Level 3: Agentic Workflows (The ReAct Pattern and the Harness)

Level 3 represents the most significant leap in autonomy: the transition from a fixed workflow to an agentic workflow. The defining characteristic of this level is that the model, rather than the developer, decides the execution path.

This level utilizes what is known as a Harness—the infrastructure surrounding the model that enables it to interact with the local environment. Tools like Claude Code, OpenAI’s Codex, and Cursor are prime examples of agentic harnesses. A harness provides the model with the ability to read files, execute terminal commands, call external APIs, and observe the results of its own actions.

The underlying logic driving this autonomy is the ReAct (Reason + Act) pattern. In a ReAct loop, the model follows a continuous cycle:

1. Reason: The model analyzes the goal and determines the necessary next step.
2. Act: The model executes a command or tool call via the harness.
3. Observe: The model parses the output/result of that action.
4. Iterate: The model updates its internal state and repeats the process until the goal is achieved.

In an agentic workflow, you provide a high-level goal (e.g., "Turn this video into social content"), and the model determines which files to read, which prompts to apply, and which platforms to target. However, Level 3 is still limited to a single agent operating within a single session, lacking long-term memory or cross-task coordination.

Level 4: Agentic AI Systems (The Agentic OS)

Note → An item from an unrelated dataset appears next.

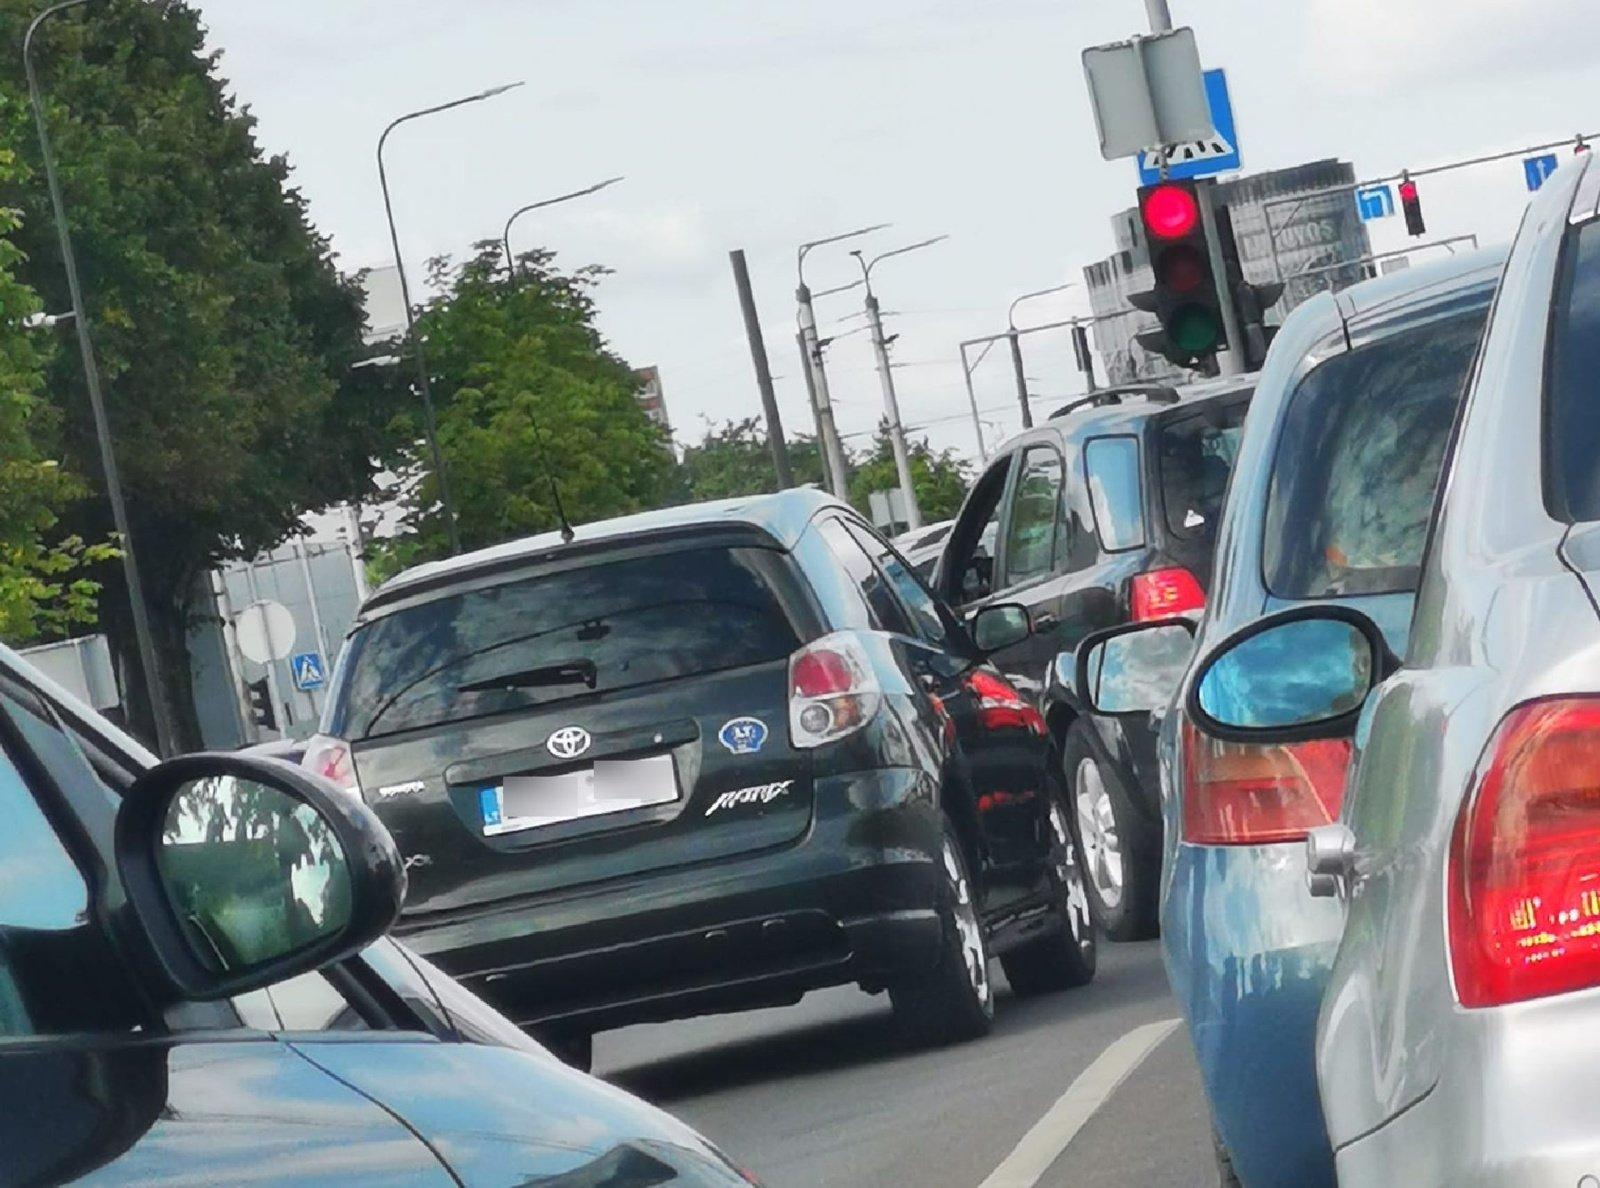 Vairuotojai pritrenkti: paliko automobilį vidury judrios sankryžos ir išėjo

The pinnacle of this evolution is the Agentic AI System. This is not a single agent, but a coordinated ecosystem of specialized agents, often referred to as an "Agentic Operating System" (Agentic OS).

In a Level 4 system, a single high-level command triggers a multi-agent orchestration. This architecture relies on three critical engineering building blocks:

1. Modular Skills

Instead of one monolithic prompt, the system utilizes "Skills"—discrete, modular instruction sets stored in organized directories. One skill might handle "Short-form Clip Extraction," while another handles "Newsletter Drafting." The system dynamically loads only the necessary skill and context required for the specific task, preventing context window bloat and reducing token costs.

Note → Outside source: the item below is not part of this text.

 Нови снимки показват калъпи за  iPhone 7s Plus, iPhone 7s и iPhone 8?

2. Model Context Protocol (MCP)

To enable true interoperability, these systems utilize the Model Context Protocol (MCP). MCP serves as the standardized interface for connecting the agentic harness to external data sources and tools, such as CRMs, analytics dashboards, or scheduling platforms. This allows the agent to move beyond the local file system and interact with the broader enterprise stack.

3. Persistent Memory and State Management

Unlike the stateless nature of Level 1, Level 4 systems implement sophisticated memory architectures. This can range from simple Markdown-based logs to complex vector databases. This memory allows the system to maintain longitudinal context—remembering which content formats performed best last month and applying those learnings to current tasks.

The Human-in-the-Loop (HITL) Imperative

A common misconception is that Agentic AI Systems aim for total human replacement. In production-grade engineering, the design principle is Human-in-the-Loop (HITL).

The most robust systems are designed with deliberate checkpoints at the input and output stages. While the AI performs the heavy lifting—drafting, formatting, and researching—the human acts as the final quality gate. This ensures that the autonomous execution remains aligned with brand integrity and high-level strategic objectives.

Conclusion: The Democratization of Agentic Engineering

The transition from Level 1 to Level 4 is less about writing complex code and more about orchestrating information. Because the underlying architecture of these advanced systems is essentially a structured hierarchy of files, folders, and Markdown instructions, the barrier to entry is lowering.

The future of operational efficiency lies in the ability to engineer these "folders and files" into a cohesive, multi-agent system that can reason, act, and learn.